I happen to know that this part of the disk is not critical to the basic running of the system. In fact,
/home/ncvs
is just the cvs portion of the system which contains data which can be easily
recovered via a cvsup.
The fsck
Here’s the fsck which I ran:
# fsck -y /dev/da0s1e
** /dev/da0s1e
** Last Mounted on /usr/home/ncvs
** Phase 1 - Check Blocks and Sizes
** Phase 2 - Check Pathnames
DIRECTORY CORRUPTED I=240080 OWNER=cvsupin MODE=40775
SIZE=512 MTIME=Oct 8 06:18 2002
DIR=?SALVAGE? yes
MISSING '.' I=240080 OWNER=cvsupin MODE=40775
SIZE=512 MTIME=Oct 8 06:18 2002
DIR=?FIX? yes
MISSING '..' I=240080 OWNER=cvsupin MODE=40775
SIZE=512 MTIME=Oct 8 06:18 2002
DIR=/FreeBSD/src/libexec/bootpd/tools/bootpefFIX? yes
** Phase 3 - Check Connectivity
** Phase 4 - Check Reference Counts
UNREF FILE I=239745 OWNER=cvsupin MODE=100444
SIZE=3982 MTIME=Oct 7 07:32 2002
RECONNECT? yesNO lost+found DIRECTORY
CREATE? yesUNREF FILE I=239746 OWNER=cvsupin MODE=100444
SIZE=5762 MTIME=Oct 7 07:32 2002
RECONNECT? yesUNREF FILE I=239747 OWNER=cvsupin MODE=100444
SIZE=11813 MTIME=Oct 7 07:32 2002
RECONNECT? yes** Phase 5 - Check Cyl groups
FREE BLK COUNT(S) WRONG IN SUPERBLK
SALVAGE? yesSUMMARY INFORMATION BAD
SALVAGE? yes159791 files, 1801866 used, 230056 free (11080 frags, 27372 blocks, 0.5% fragmentation)
***** FILE SYSTEM MARKED CLEAN *****
***** FILE SYSTEM WAS MODIFIED *****
Then I did another reboot, just to ensure that everything was fine…. and because I thought it was so amazing
to be able to watch a remote machine reboot!

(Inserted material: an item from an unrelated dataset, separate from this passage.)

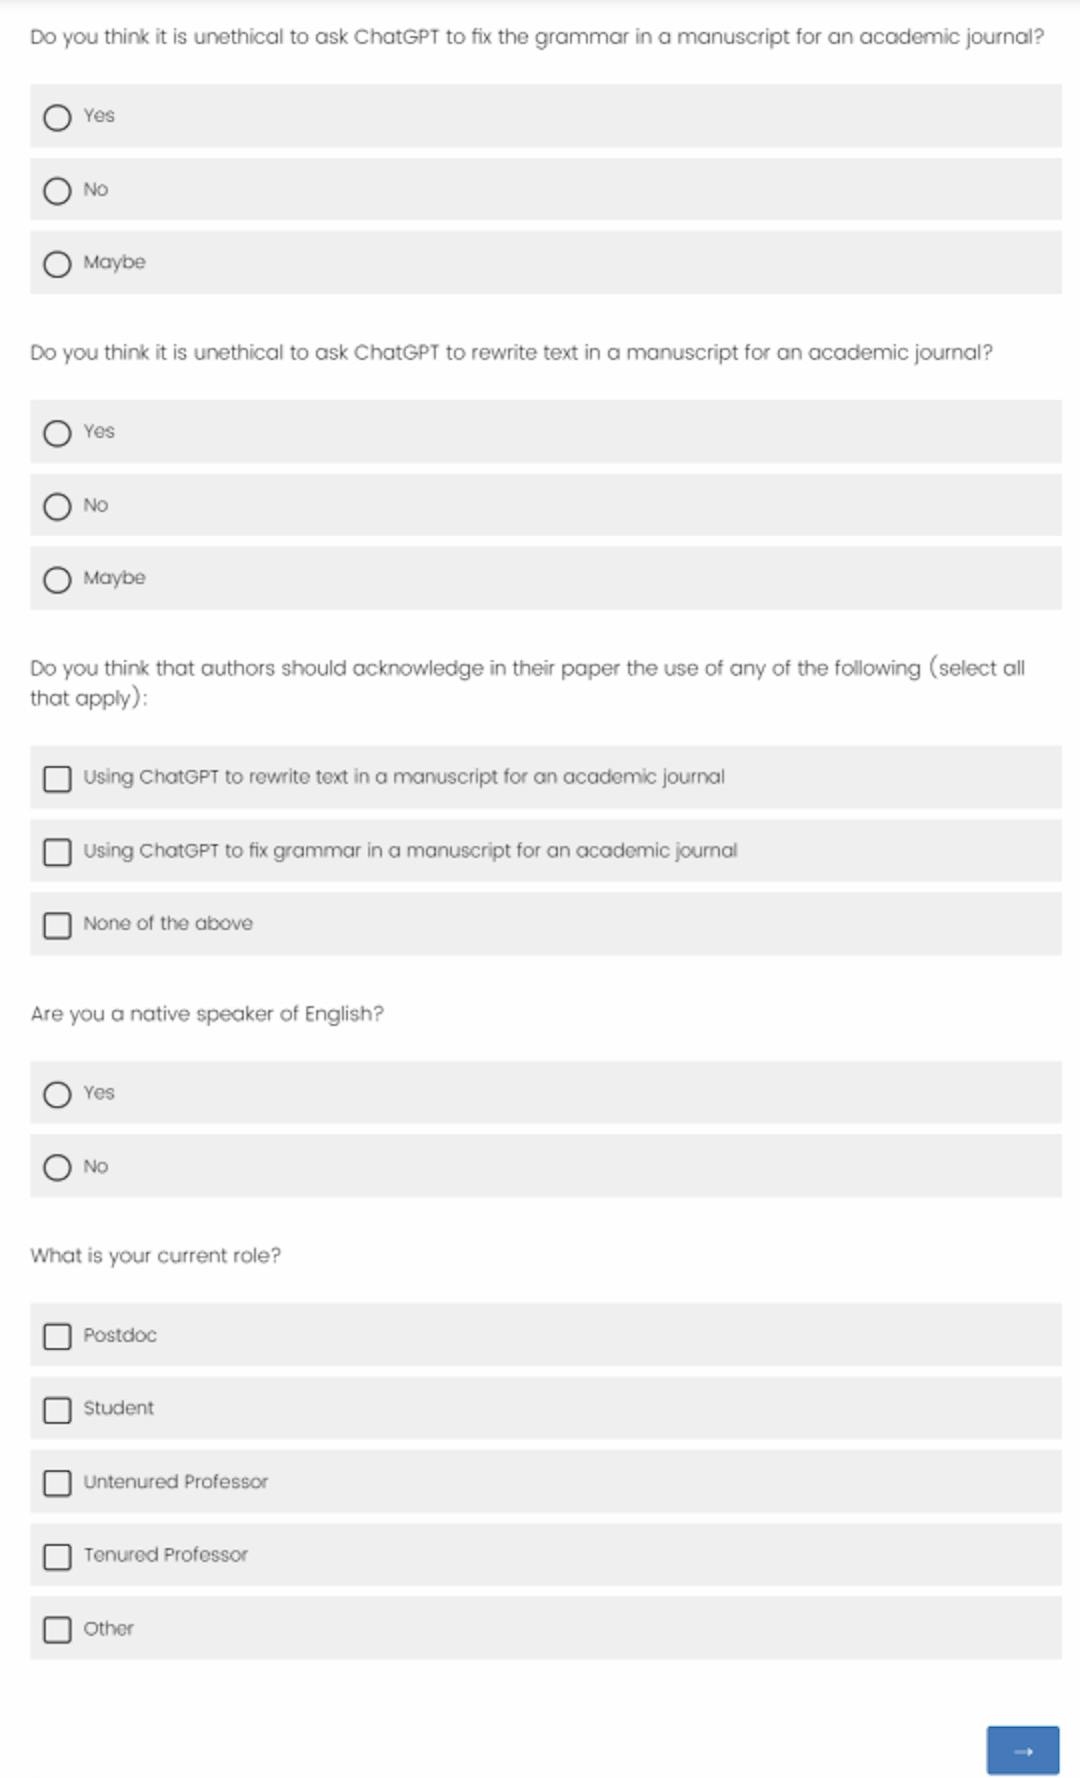 Figure 10: Survey questions (page 1)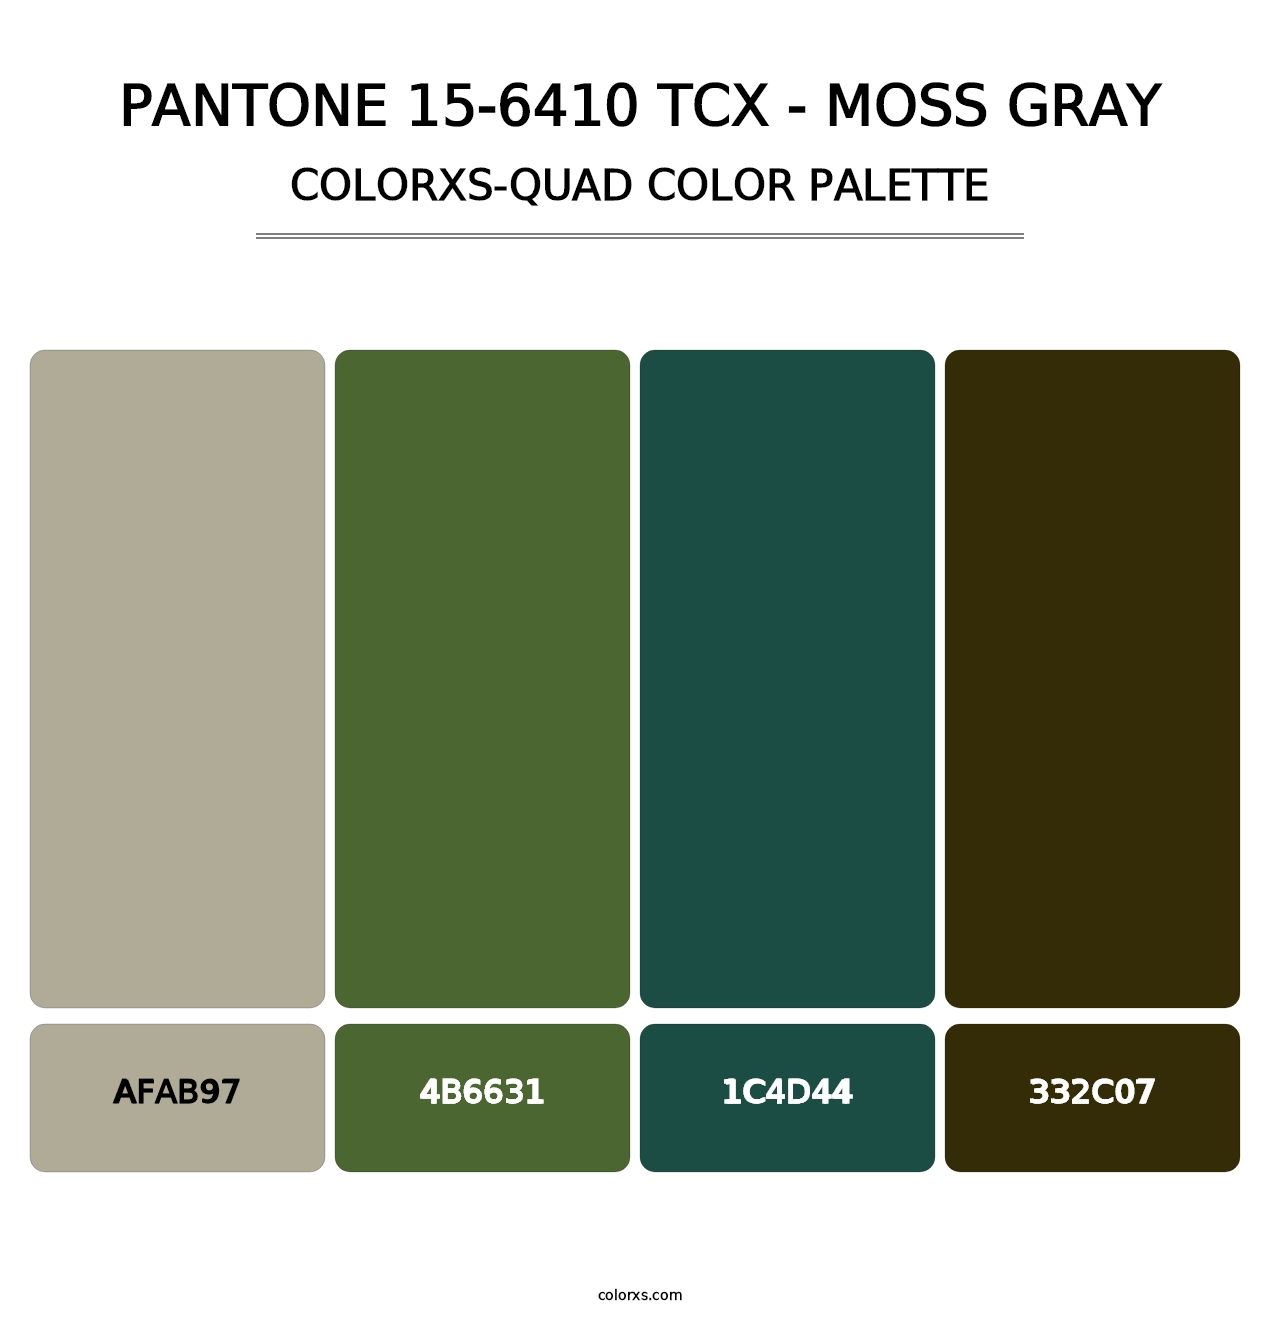 PANTONE 15-6410 TCX - Moss Gray - Colorxs Quad Palette

This time the system came back properly, with all disks mounted, and I was presented with a login prompt.
Then I ssh’d into the box and started using that for the next step.
Adding the new disk to the system
The FreeBSD Handbook has a good
section on adding a new drive. I followed their instructions and ran /stand/sysinstall
to configure the new disk. Then I modified /etc/fstab
to add the new drive into
the list of automatically mounted disks. NOTE: that after following those instructions, your new disk will
be mounted. You can view the details like this:
$ mount
/dev/ad0s1a on / (ufs, local)
/dev/ad0s1f on /usr (ufs, local)
/dev/ad0s1e on /var (ufs, local)
procfs on /proc (procfs, local)
/dev/da0s1e on /usr/home/ncvs (ufs, local)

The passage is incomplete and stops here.